═════ Input material ═════

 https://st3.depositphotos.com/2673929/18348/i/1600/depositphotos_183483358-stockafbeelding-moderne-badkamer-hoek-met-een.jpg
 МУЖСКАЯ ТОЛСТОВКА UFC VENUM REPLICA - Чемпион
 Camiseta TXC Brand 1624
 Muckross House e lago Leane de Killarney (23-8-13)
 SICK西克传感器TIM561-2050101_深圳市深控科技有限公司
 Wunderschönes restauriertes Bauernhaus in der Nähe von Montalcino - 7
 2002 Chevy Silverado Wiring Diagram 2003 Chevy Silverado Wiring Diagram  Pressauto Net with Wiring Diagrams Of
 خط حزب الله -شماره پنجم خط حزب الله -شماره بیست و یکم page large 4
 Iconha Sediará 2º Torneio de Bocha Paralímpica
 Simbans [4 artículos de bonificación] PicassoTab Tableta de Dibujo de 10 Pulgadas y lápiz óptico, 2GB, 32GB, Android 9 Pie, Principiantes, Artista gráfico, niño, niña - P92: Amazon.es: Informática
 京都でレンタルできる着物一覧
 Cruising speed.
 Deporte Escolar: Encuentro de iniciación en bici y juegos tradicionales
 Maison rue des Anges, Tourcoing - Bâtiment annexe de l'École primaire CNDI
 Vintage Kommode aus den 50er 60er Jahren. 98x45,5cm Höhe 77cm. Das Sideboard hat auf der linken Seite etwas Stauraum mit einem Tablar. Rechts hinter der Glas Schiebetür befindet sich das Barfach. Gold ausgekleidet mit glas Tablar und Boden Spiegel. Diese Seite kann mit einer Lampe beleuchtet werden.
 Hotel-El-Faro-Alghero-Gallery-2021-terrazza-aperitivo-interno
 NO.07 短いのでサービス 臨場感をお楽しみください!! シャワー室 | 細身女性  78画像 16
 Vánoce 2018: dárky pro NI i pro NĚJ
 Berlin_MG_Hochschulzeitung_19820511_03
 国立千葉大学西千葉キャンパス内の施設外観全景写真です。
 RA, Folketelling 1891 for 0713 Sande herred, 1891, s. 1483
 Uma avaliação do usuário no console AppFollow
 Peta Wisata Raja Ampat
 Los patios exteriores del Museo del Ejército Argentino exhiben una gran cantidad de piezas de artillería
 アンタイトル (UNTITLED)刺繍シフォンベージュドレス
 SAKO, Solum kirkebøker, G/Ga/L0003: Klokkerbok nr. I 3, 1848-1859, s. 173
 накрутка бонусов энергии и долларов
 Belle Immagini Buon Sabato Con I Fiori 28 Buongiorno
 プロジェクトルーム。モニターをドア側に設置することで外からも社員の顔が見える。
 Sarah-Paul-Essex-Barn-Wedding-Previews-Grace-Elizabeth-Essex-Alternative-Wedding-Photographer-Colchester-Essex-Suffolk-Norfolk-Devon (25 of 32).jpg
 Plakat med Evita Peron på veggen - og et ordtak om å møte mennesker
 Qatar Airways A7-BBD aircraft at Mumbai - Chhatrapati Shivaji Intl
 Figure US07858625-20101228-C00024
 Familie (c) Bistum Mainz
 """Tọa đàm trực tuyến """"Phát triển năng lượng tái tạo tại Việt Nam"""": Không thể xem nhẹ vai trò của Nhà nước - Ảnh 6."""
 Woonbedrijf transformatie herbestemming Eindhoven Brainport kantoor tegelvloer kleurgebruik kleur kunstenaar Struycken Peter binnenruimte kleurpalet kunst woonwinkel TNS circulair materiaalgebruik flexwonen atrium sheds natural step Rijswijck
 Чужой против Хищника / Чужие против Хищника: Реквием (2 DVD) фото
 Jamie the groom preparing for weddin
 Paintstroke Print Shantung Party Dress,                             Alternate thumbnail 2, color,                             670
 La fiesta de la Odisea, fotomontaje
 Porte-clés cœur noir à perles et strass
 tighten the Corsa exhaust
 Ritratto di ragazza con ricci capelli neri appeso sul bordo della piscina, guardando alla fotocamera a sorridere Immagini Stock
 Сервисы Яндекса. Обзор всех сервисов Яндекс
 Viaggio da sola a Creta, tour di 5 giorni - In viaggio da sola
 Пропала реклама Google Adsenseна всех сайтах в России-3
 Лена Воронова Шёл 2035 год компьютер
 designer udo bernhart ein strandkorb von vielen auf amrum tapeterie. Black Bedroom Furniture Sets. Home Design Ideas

═════

- **Problem requirements**: Among the lines above, find those holding "Immagini" and copy each one.

- **Task output**:
 Belle Immagini Buon Sabato Con I Fiori 28 Buongiorno
 Ritratto di ragazza con ricci capelli neri appeso sul bordo della piscina, guardando alla fotocamera a sorridere Immagini Stock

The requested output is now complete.